From the technical point of view of the device, but also with regard to the use, it can be advantageous if the supporting structure is designed as a welded structure on which at least three positioning elements are arranged, with the possibility of horizontal adjustment, preferably at a distance of 0.5 m, one positioning element is always provided.

Simple and safe adjustment is achieved when the releasable clamping means are designed as retainers for a rail placed on the positioning elements.

It is also advantageous that the releasable clamping means are provided with alignment surfaces for positioning the rail in the horizontal direction of the longitudinal axis.

In order to achieve as uniform a structure as possible over the entire length of the rail, it may be advantageous for the positioning elements and clamping means to have reduced bearing surfaces on the rail, for example in the form of a wedge, if the local cooling intensity is not substantially affected.
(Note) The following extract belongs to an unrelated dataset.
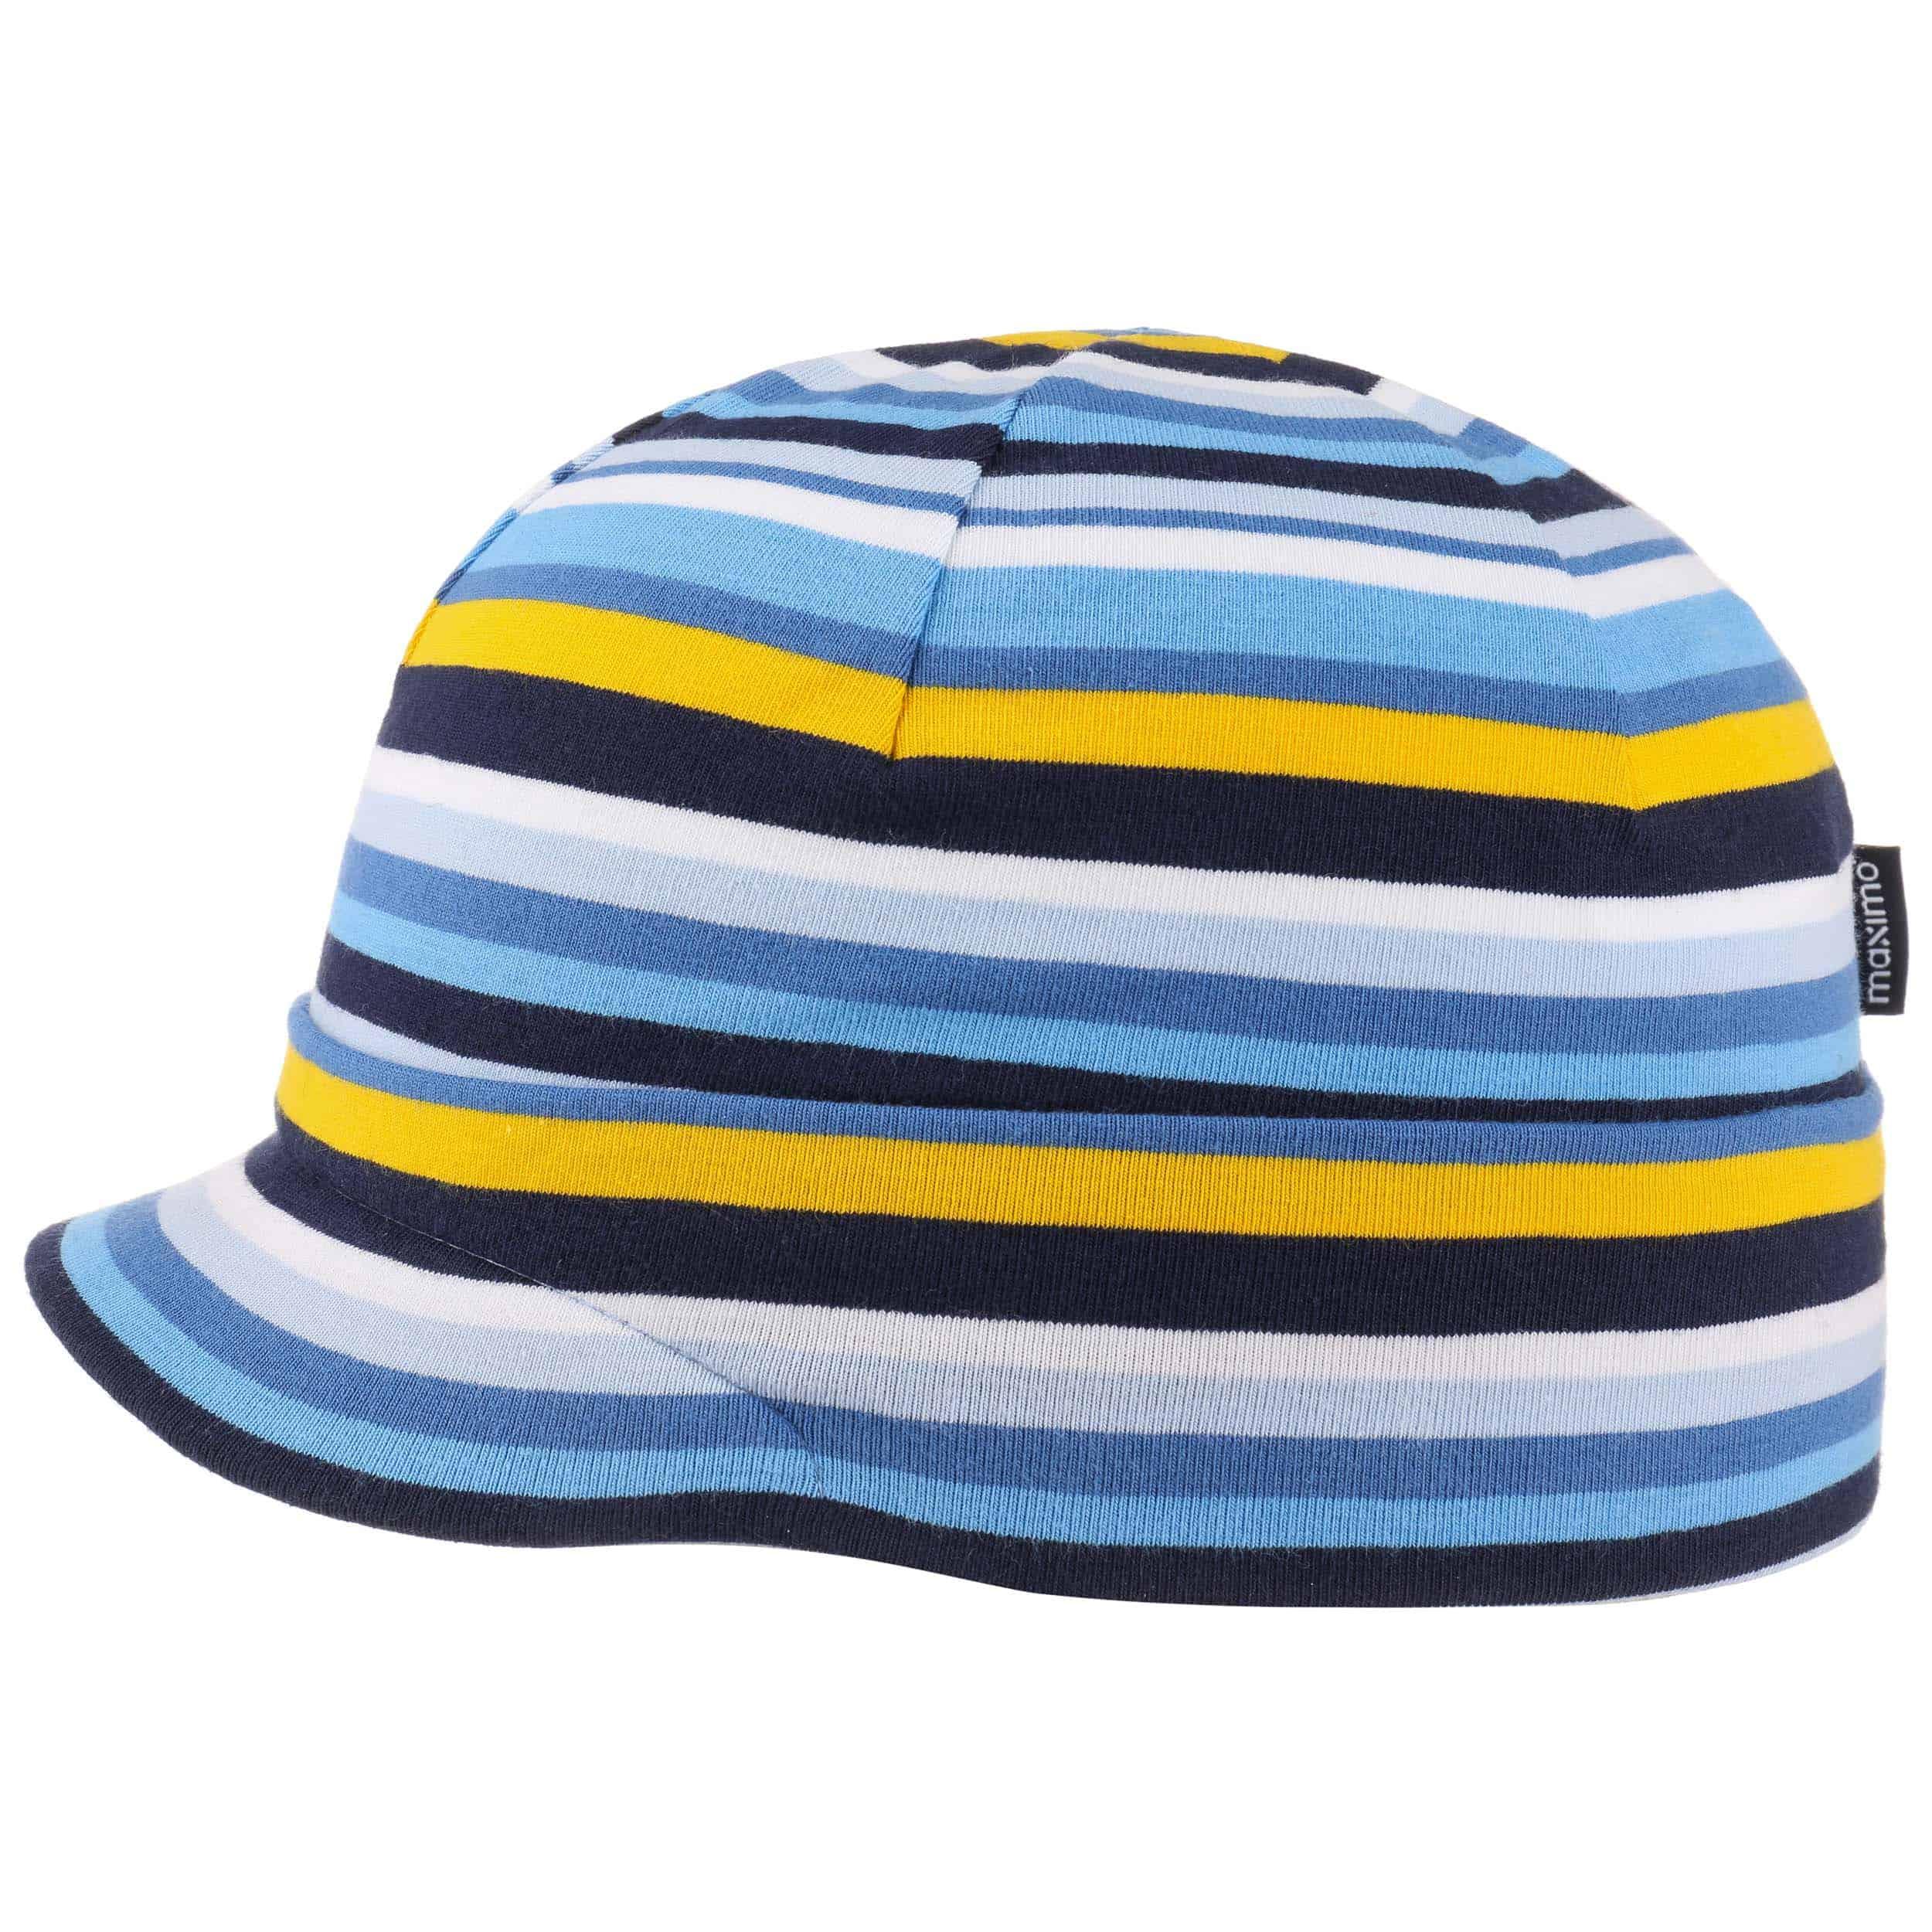 e812a1d1396 ... Jersey Stripes Kids Peak Hat by maximo - blue 4

This can prevent so-called soft spots or soft spots on the rail.

By carefully arranging the nozzles and / or using water substantially free of emulsion, it may be advantageous if the rail cooling device is designed as a sprinkling line with air and / or water, with the same cooling intensity throughout the length arrangement.
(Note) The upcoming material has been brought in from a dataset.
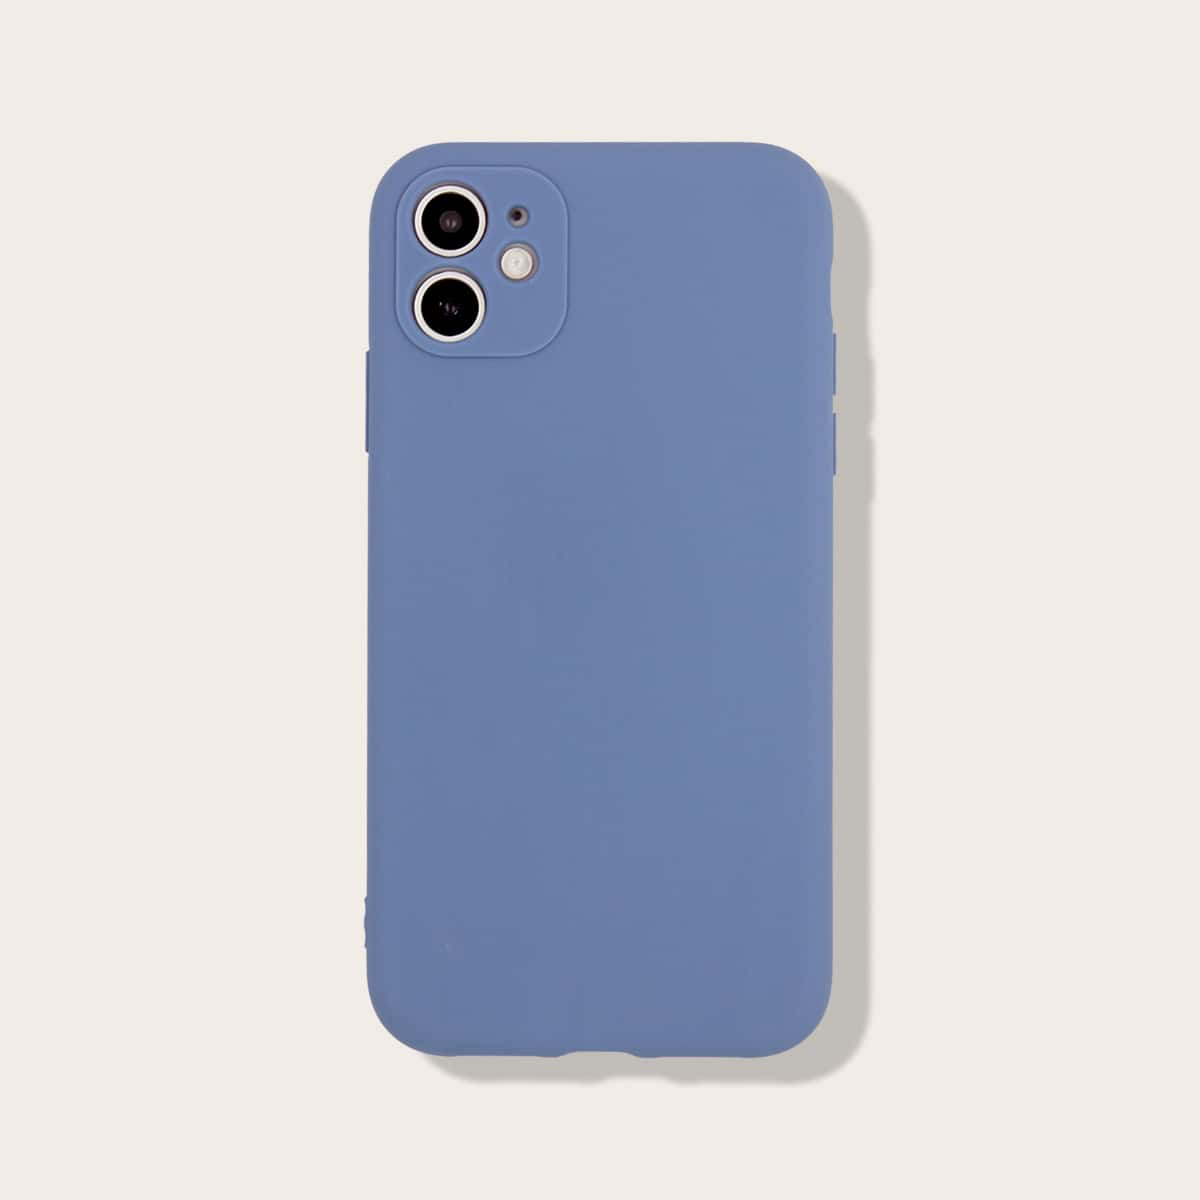 Custodia iPhone monocolore anti-caduta

If, on the other hand, the cooling device is designed as a tank, the cooling device is designed as a tank. · Zariadenie nádrž nádrž nádrž nádrž nádrž nádrž nádrž nádrž · · · · · · · · · With the coolant for immersion cooling, the cooling intensity that is effective on submerged rail areas can be easily adjusted by adding synthetic means.

Further, when such a configuration is provided that the rail support structure and the cooling device are displaceably disposed relative to each other in the cross section of the rail in the direction of its vertical, the cooling cycles and / or the cooling of the rail portions may be performed particularly efficiently.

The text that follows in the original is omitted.